**DATA SEGMENT:**
____________________

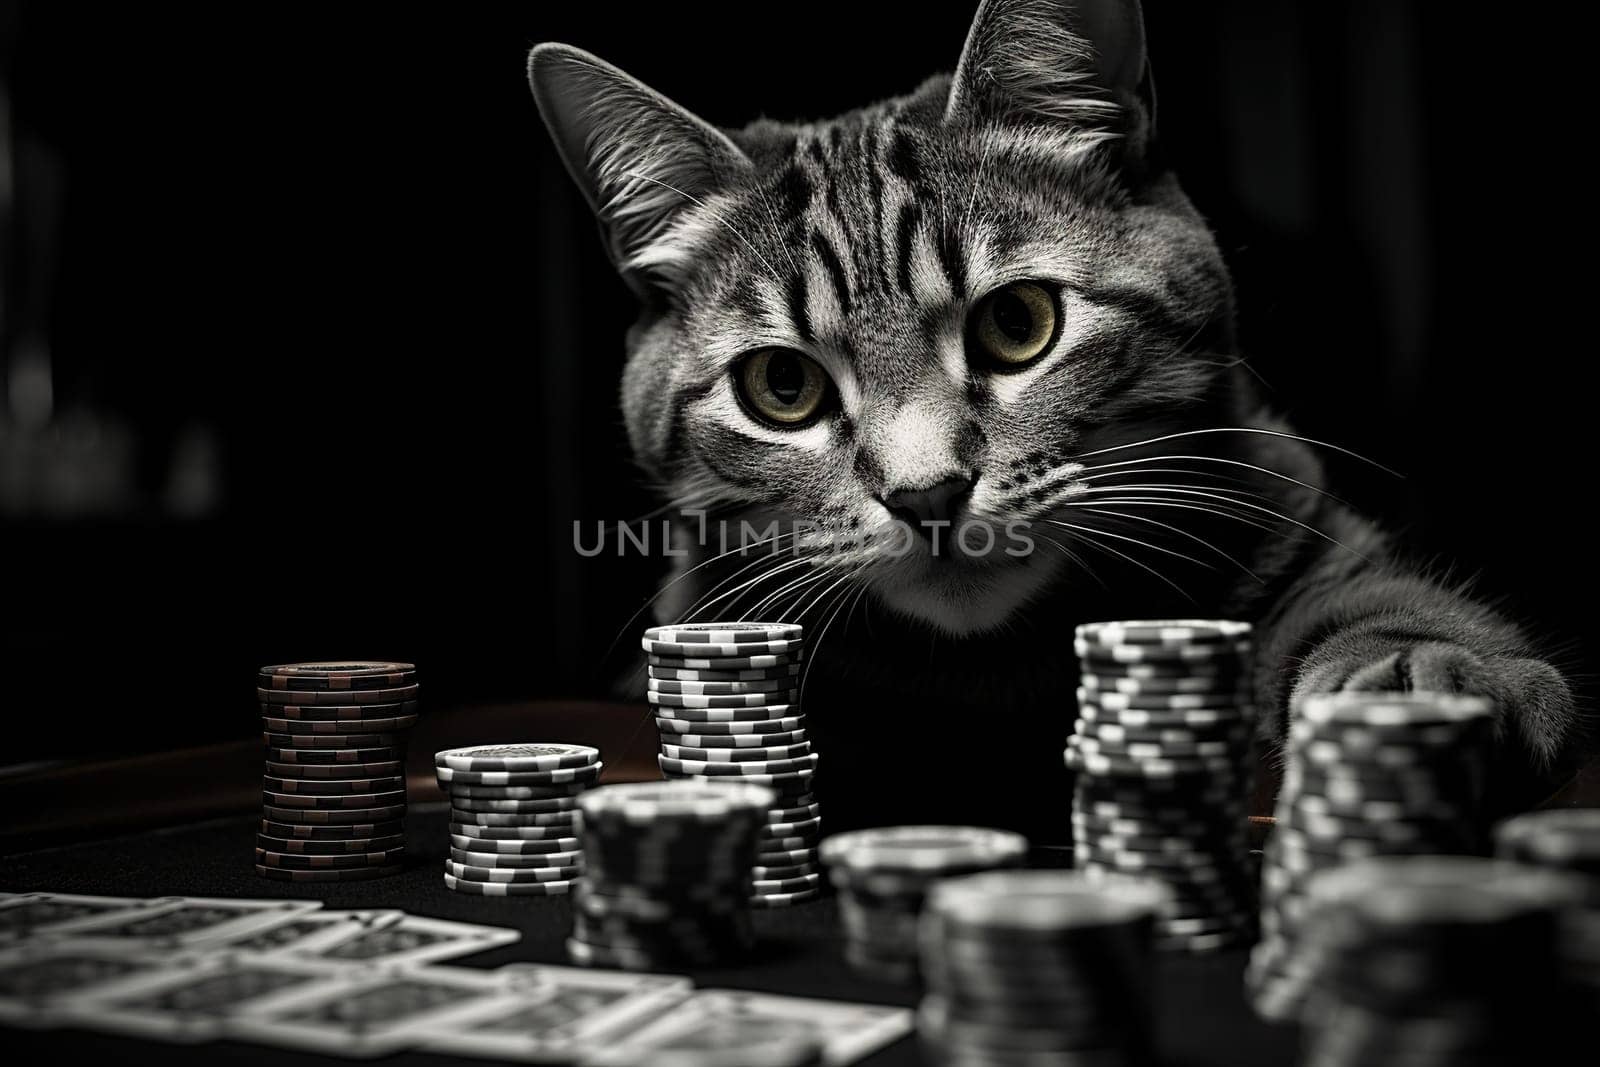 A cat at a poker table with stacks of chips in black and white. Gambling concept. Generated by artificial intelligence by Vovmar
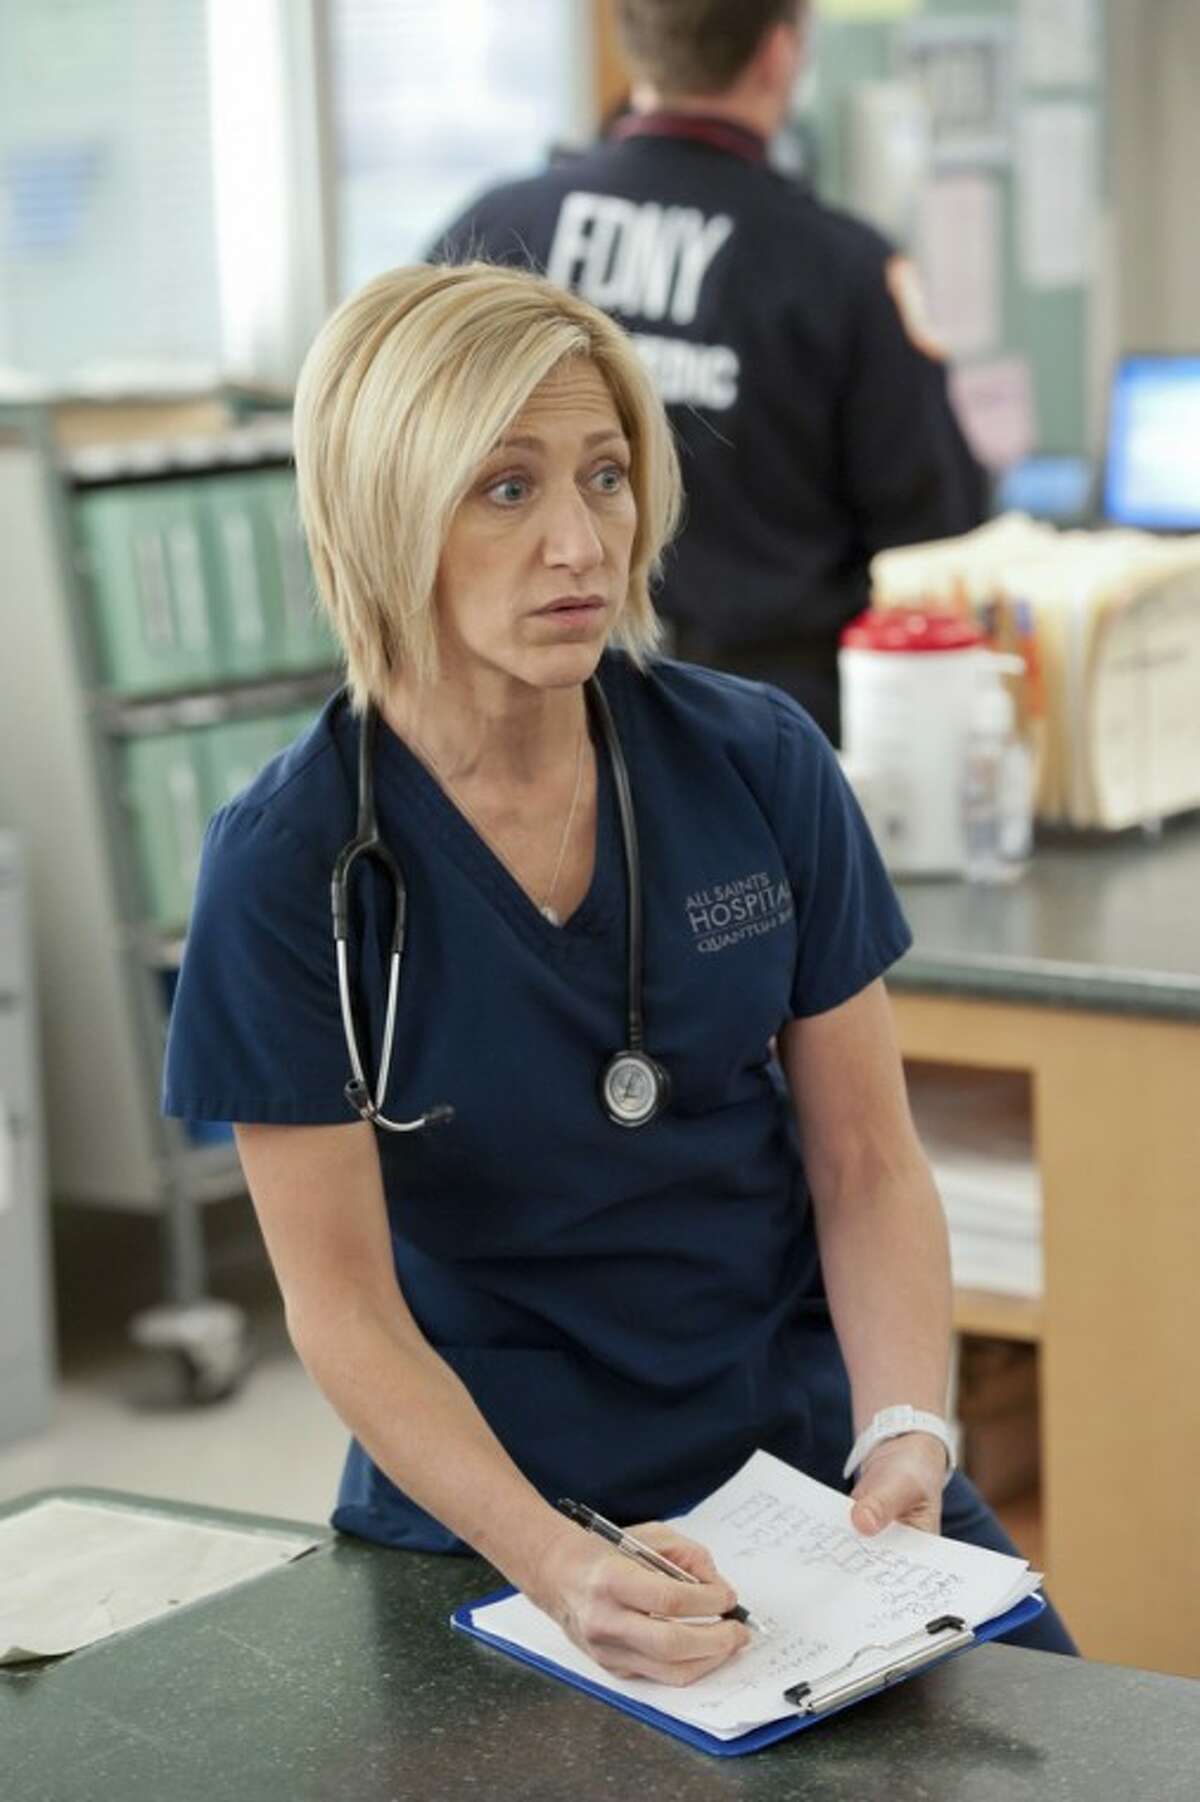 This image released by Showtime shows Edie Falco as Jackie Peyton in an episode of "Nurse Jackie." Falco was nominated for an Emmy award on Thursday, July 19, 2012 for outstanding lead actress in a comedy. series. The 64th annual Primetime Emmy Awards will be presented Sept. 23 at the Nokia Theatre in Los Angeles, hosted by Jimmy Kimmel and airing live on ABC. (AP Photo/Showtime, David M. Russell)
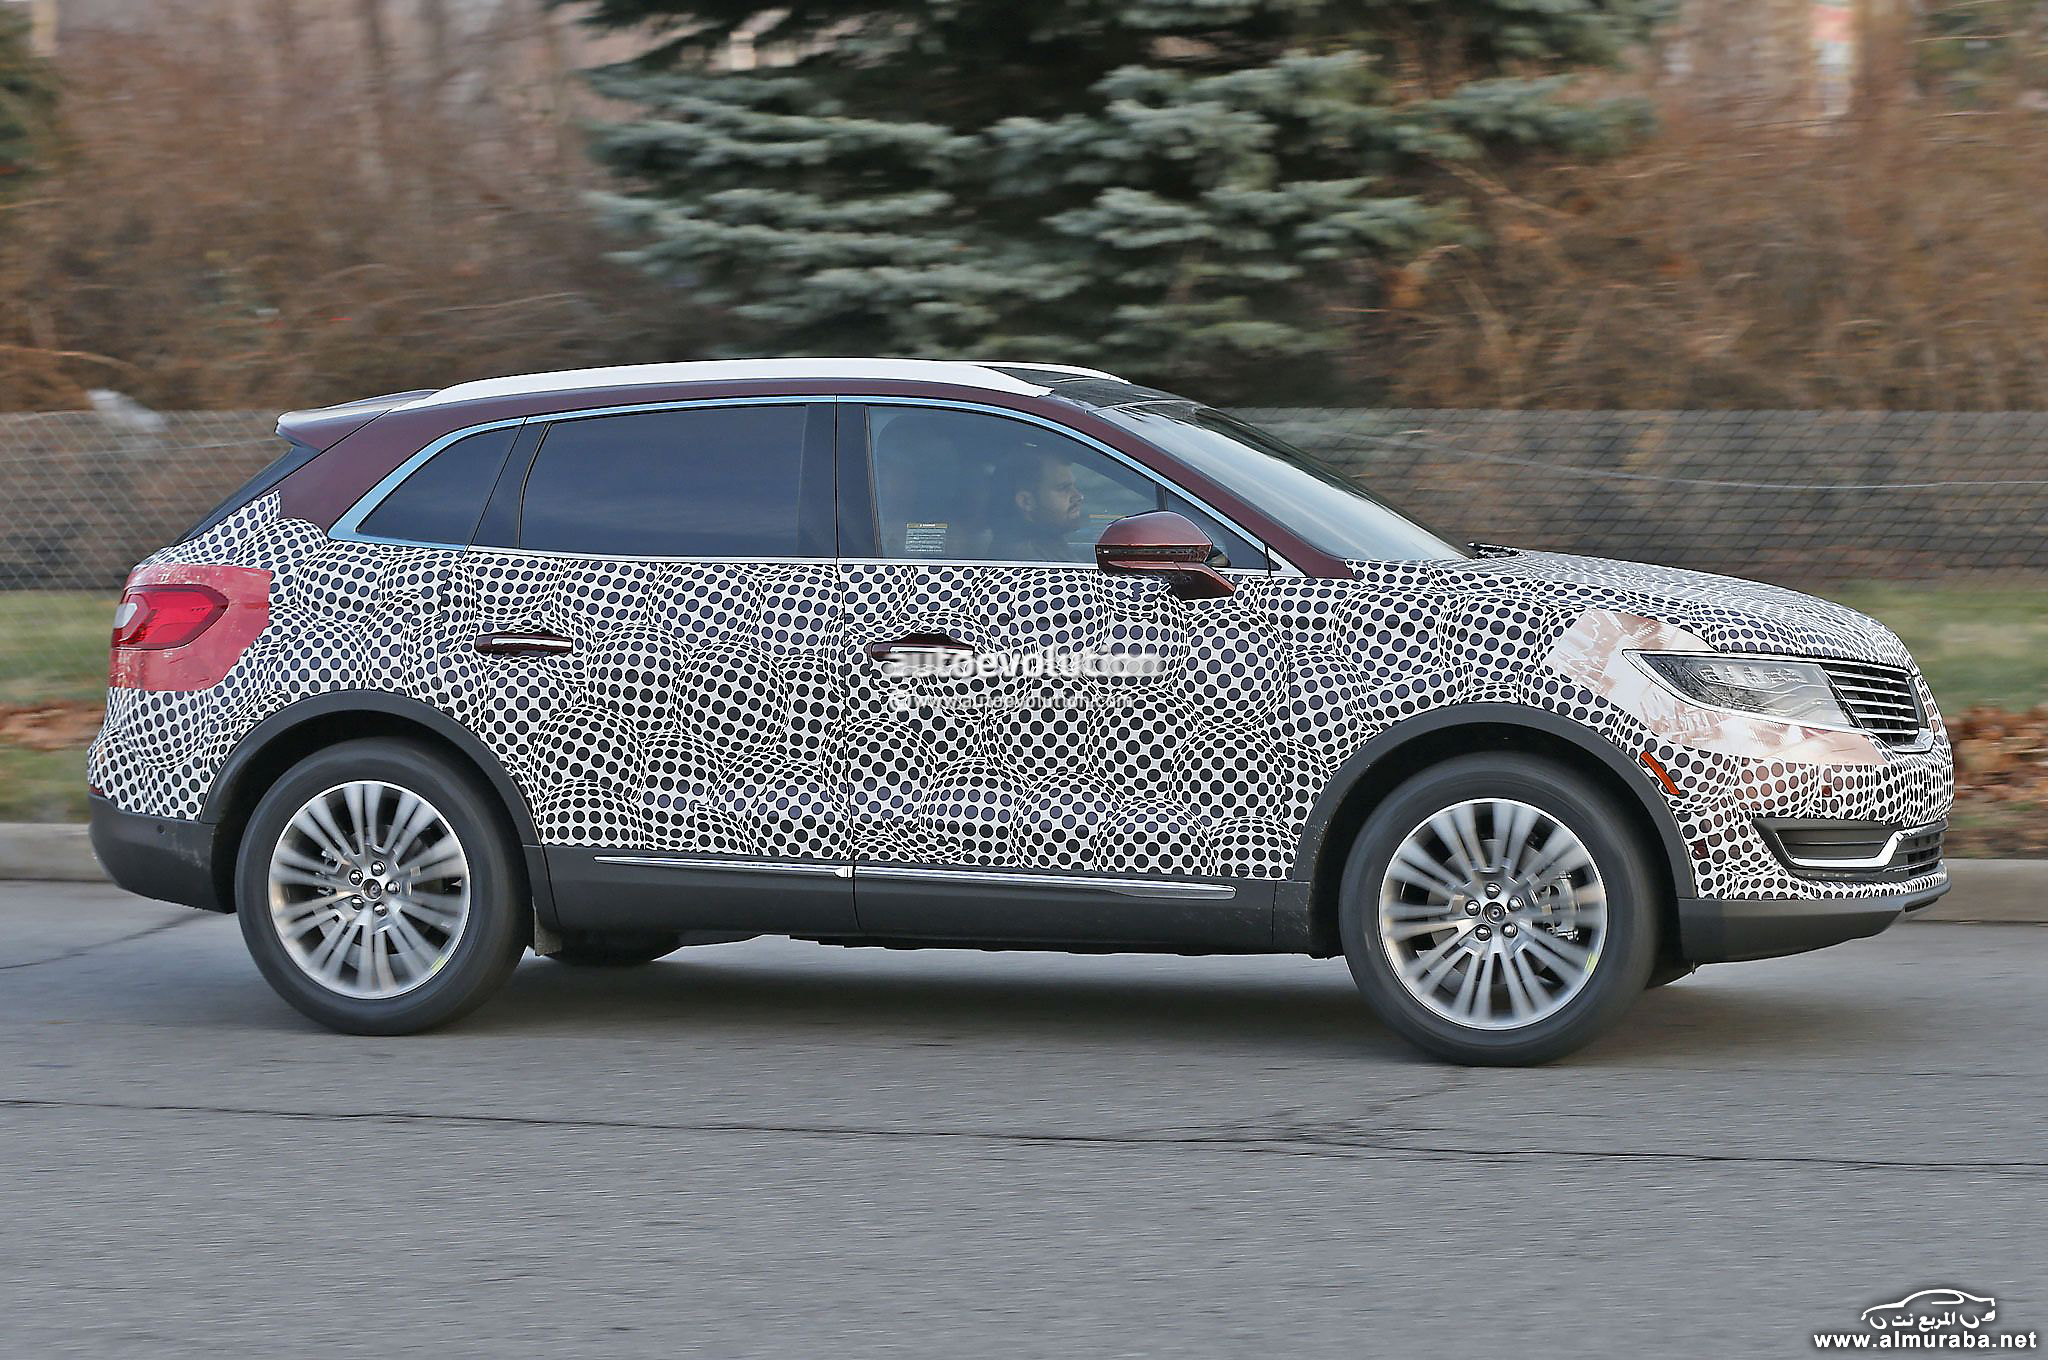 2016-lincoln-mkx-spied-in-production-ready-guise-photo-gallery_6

____________________

**WORK ITEM:**
What you return must match the material above exactly, minus its pictures.

**TASK RESULT:**
 A cat at a poker table with stacks of chips in black and white. Gambling concept. Generated by artificial intelligence by Vovmar
 This image released by Showtime shows Edie Falco as Jackie Peyton in an episode of "Nurse Jackie." Falco was nominated for an Emmy award on Thursday, July 19, 2012 for outstanding lead actress in a comedy. series. The 64th annual Primetime Emmy Awards will be presented Sept. 23 at the Nokia Theatre in Los Angeles, hosted by Jimmy Kimmel and airing live on ABC. (AP Photo/Showtime, David M. Russell)
 2016-lincoln-mkx-spied-in-production-ready-guise-photo-gallery_6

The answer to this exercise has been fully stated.